Opposite personalities often click as perfect couple material but one must know how to perceive and get along with one's partner's personality in thick and thin. It depends on how well a couple appreciates each other regardless of all the odds. And this must be a never-ending story for any person who shares life with an opposite person. But if that person loses the charm of understanding after reaching a certain point in one's relationship, then things start falling apart because instead of growing together, a couple falls in the loop of growing separately according to their respective personalities and choices. When you follow a different route without considering your partner, do you think you can get back to your partner without getting lost?

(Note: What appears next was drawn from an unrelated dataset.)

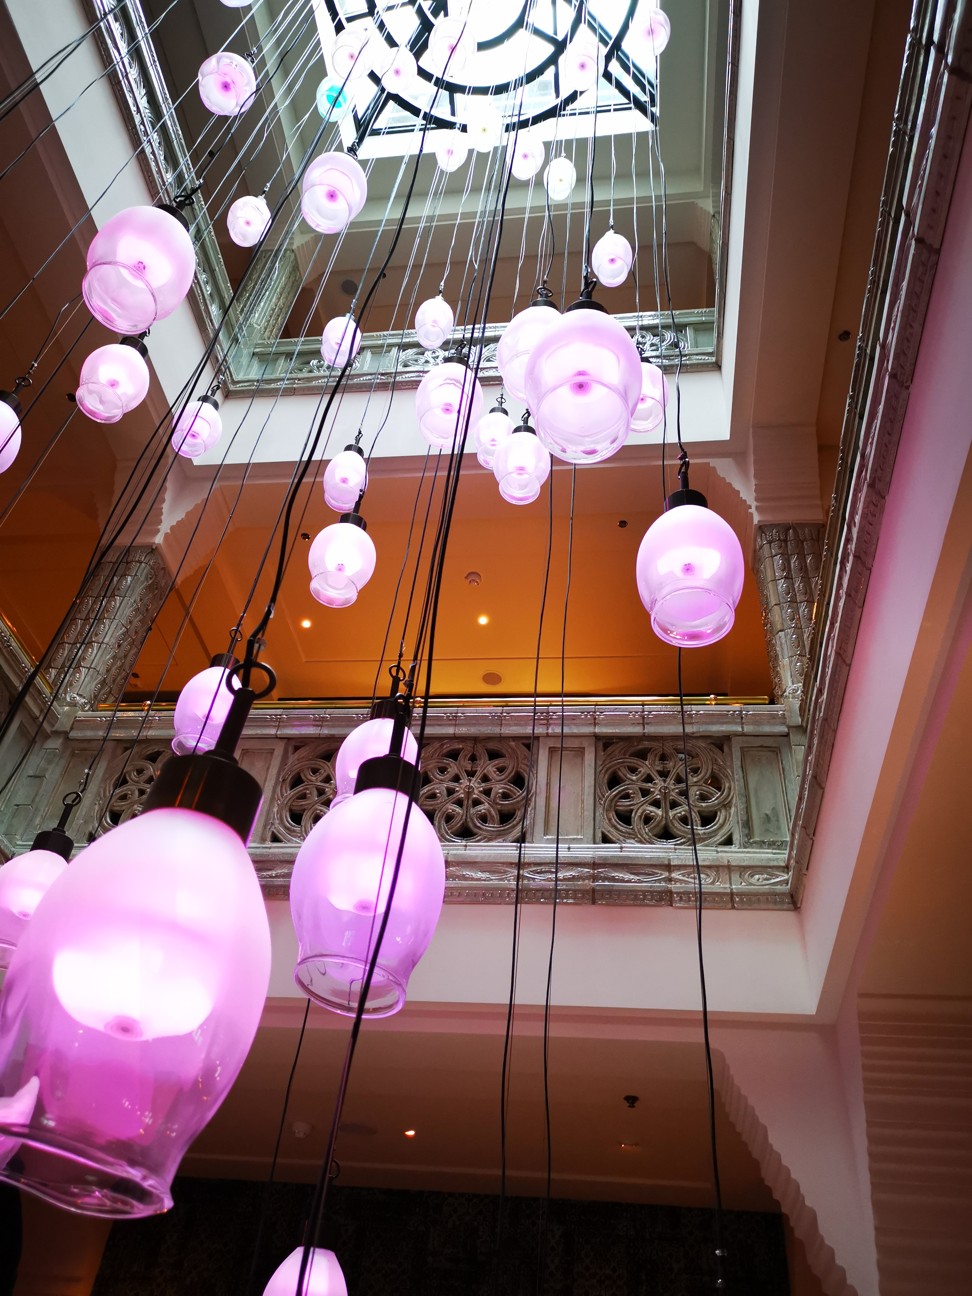 Numerous bright coloured lamps hang from the large central stairwell at the Hotel TwentySeven. Photo: Winnie Chung

Mentalities do matter as they provide typical commitment material for a couple to work on their romantic life to survive their relationship. But if a person remains stubborn to change and denies getting along with the terms and choices of one's partner, it becomes more unaffected for that person to opt for growing separately as it gives habitual satisfaction in being in one's comfort zone. But the question is, do you think relationships can be handled by staying in comfort zones all the time? Most times, they are indeed all about exploring out of comfort zones. So, if you remain least bothered about your mind without trying to understand how it affects your partner, then you end up allowing situations to ruin your relationship. You may procure peace in growing your individualistic personality but you may never find peace in being interdependent with your partner in a committed relationship and by the time you realise the reality, your partner must be growing separately out of your way towards someone worthier and more understanding.
Love interests change when there is no interesting aspect left in your loved one. We, humans, crave love regardless of any measurement and commitment. There is no rule that a seriously committed or married person shouldn't fall in love with others. Of course, society never accepts this and always considers it a sin but why the same society can't comprehend why that person has to choose another person even though he/she is already in a relationship with one's committed partner? A relationship can be survived only if there's love and if a person can't find it with one's partner after being together for so many years, then don't you think there's a glitch in that relationship where love has already diminished or even vanished altogether? When a person can't find love with one's partner, there is no wrong in gaining it through others who provide unconditionally regardless of that person's earlier commitments. It happens when a person grows separately by neglecting the aspect of love, taking one's partner for granted and taking advantage of the commitment. So who's wrong here? The one who chooses love outside the neglected relationship or the person who doesn't love one's partner in a committed relationship?
Don't grow separately, instead grow together by encountering every possible hurdle and crossing every sole barrier that attacks your relationship. And when you realise you are growing separately away from your partner because of your other priorities and attachments, then try to bring the charm by sparking up the relationship so that you get a chance to rejuvenate your relationship growth together.